From: Lachlan McIlroy <lachlan@sgi.com>
To: David Chinner <dgc@sgi.com>
Cc: xfs-dev <xfs-dev@sgi.com>, xfs-oss <xfs@oss.sgi.com>
Subject: Re: [PATCH] Revalidate the btree cursor after an insert
Date: Thu, 20 Mar 2008 18:13:18 +1100 [thread overview]
Message-ID: <47E20E8E.6070209@sgi.com> (raw)
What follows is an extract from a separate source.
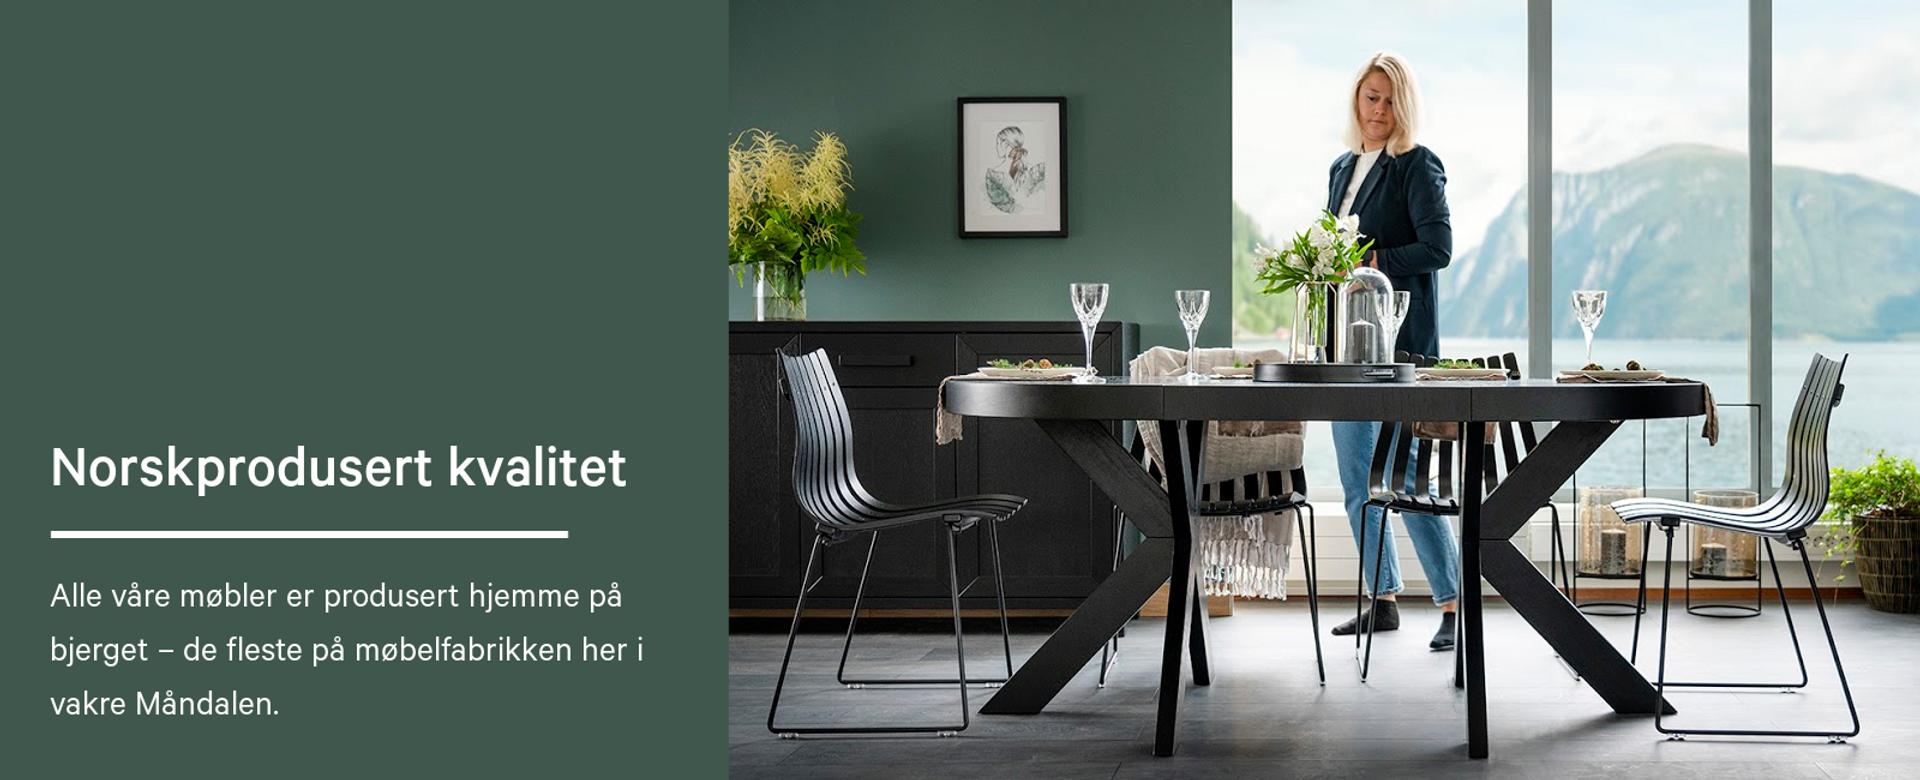 Norskprodusert kvalitet. Alle våre møbler er produsert hjemme på bjerget – de fleste på møbelfabrikken her i vakre Måndalen.

In-Reply-To: <20080320044813.GY95344431@sgi.com>
Looks good Dave - and thanks for explaining the finer details.
David Chinner wrote:
> Ensure a btree insert returns a valid cursor.
>
> When writing into preallocated regions there is a case
> where XFS can oops or hang doing the unwritten extent conversion
> on I/O completion. It turns out thathte problem is related to
> the btree cursor being invalid.
>
> When we do an insert into the tree, we may need to split blocks
> in the tree. When we only split at the leaf level (i.e. level 0),
> everything works just fine. However, if we have a multi-level
> split in the btreee, the cursor passed to the insert function is
> no longer valid once the insert is complete.
>
> The leaf level split is handled correctly because all the operations
> at level 0 are done using the original cursor, hence it is updated
> correctly. However, when we need to update the next level up the
> tree, we don't use that cursor - we use a cloned cursor that points
> to the index in the next level up where we need to do the insert.
>
> Hence if we need to split a second level, the changes to the tree
> are reflected in the cloned cursor and not the original cursor.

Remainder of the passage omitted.